DATA EXCERPT »
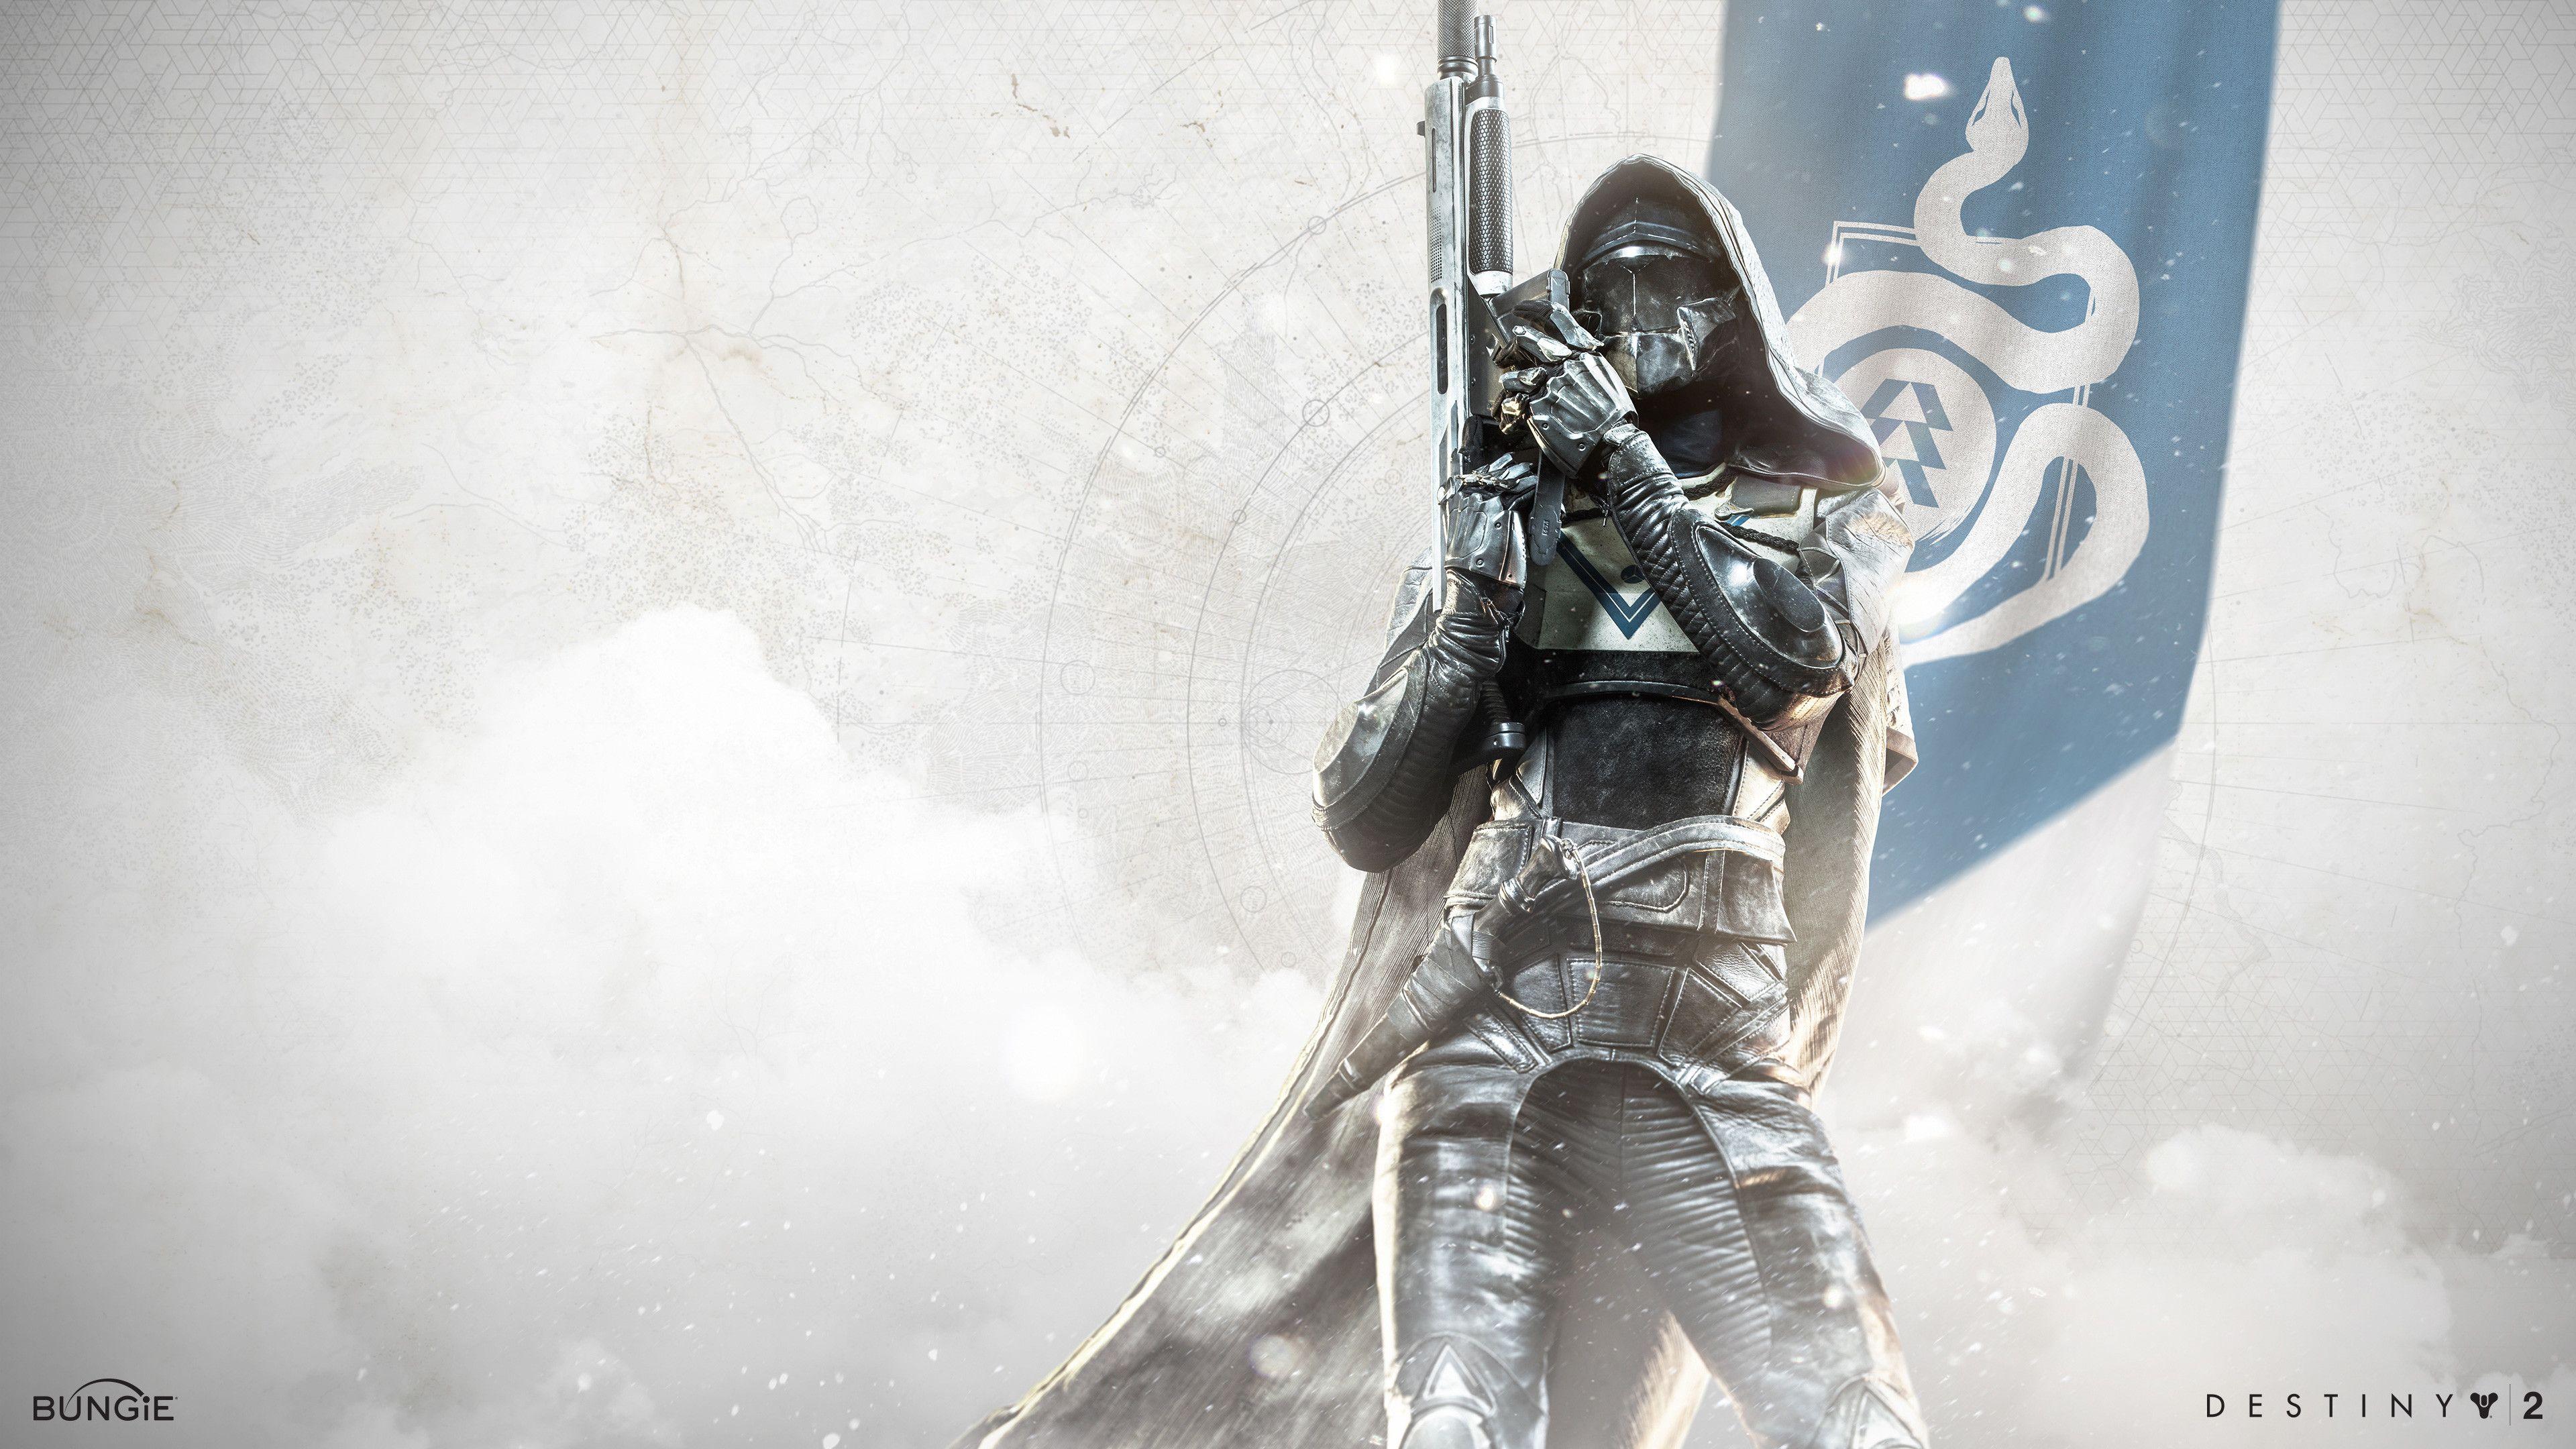 Destiny 2 Beyond Light Official Cinematic Reveal Trailer Gaming Desk Di 2020
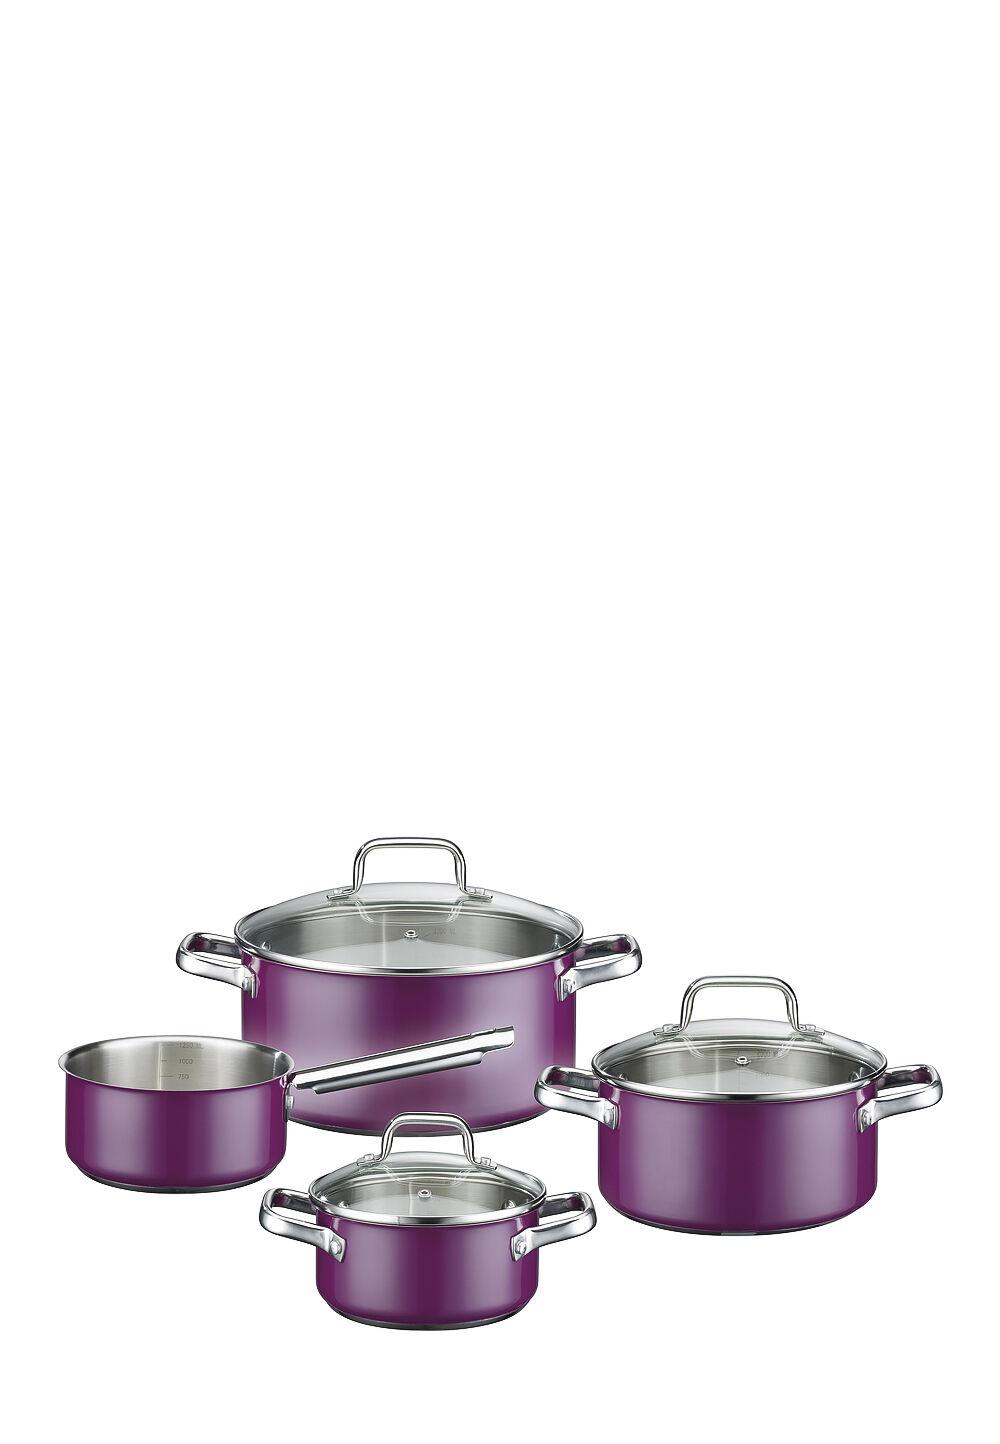 GSW Kochtopf-Set Magic Color, 4-teilig, Edelstahl
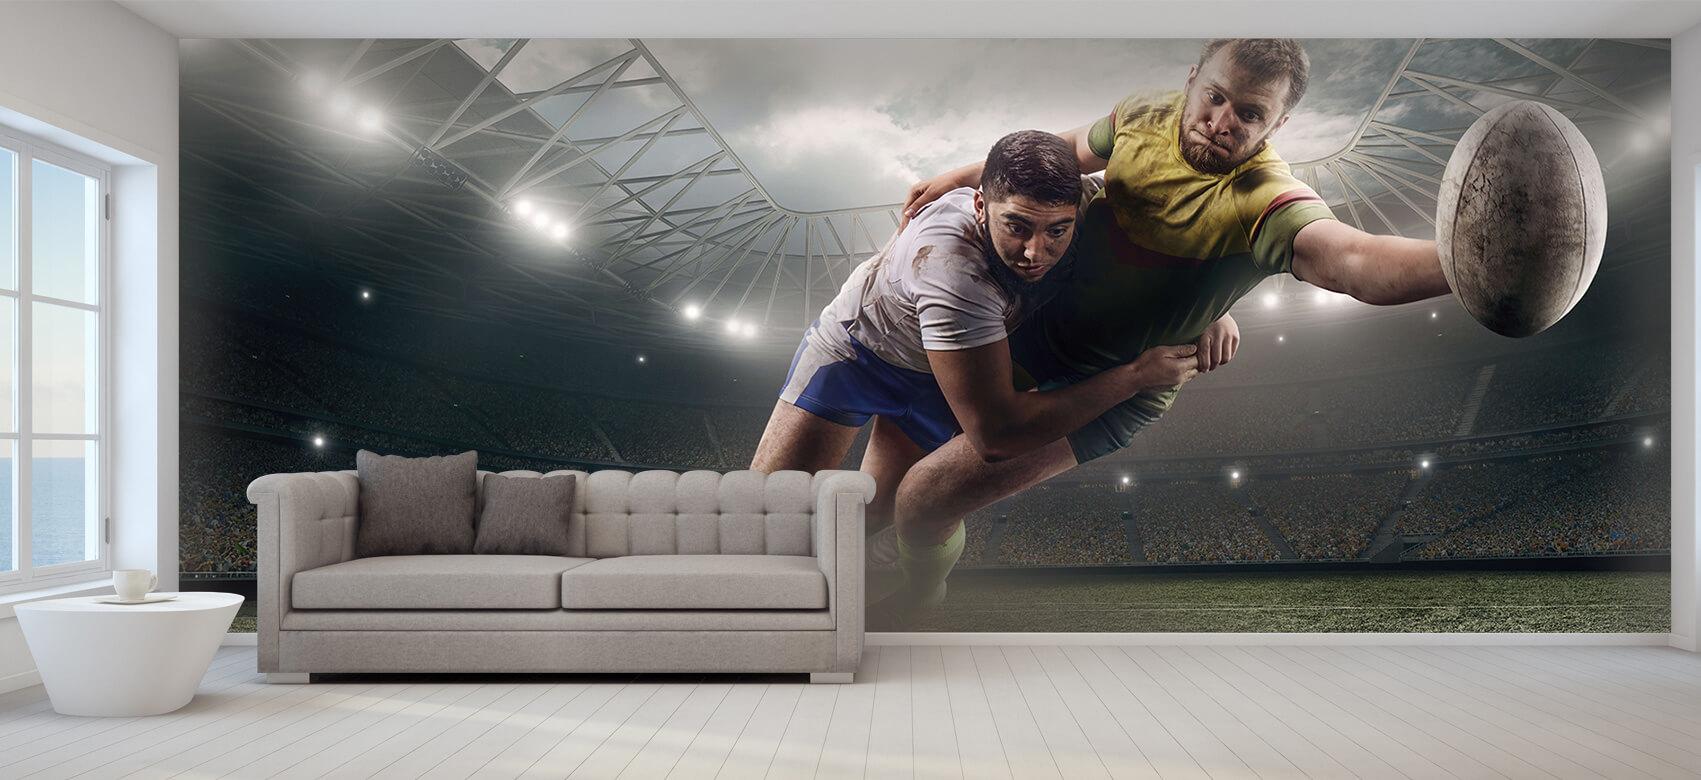 Sport Rugby spelers 1

WHAT IS BEING ASKED »
An exact repetition of the listing is needed, with the pictures dropped.

WRITTEN SOLUTION »
 Destiny 2 Beyond Light Official Cinematic Reveal Trailer Gaming Desk Di 2020
 GSW Kochtopf-Set Magic Color, 4-teilig, Edelstahl
 Sport Rugby spelers 1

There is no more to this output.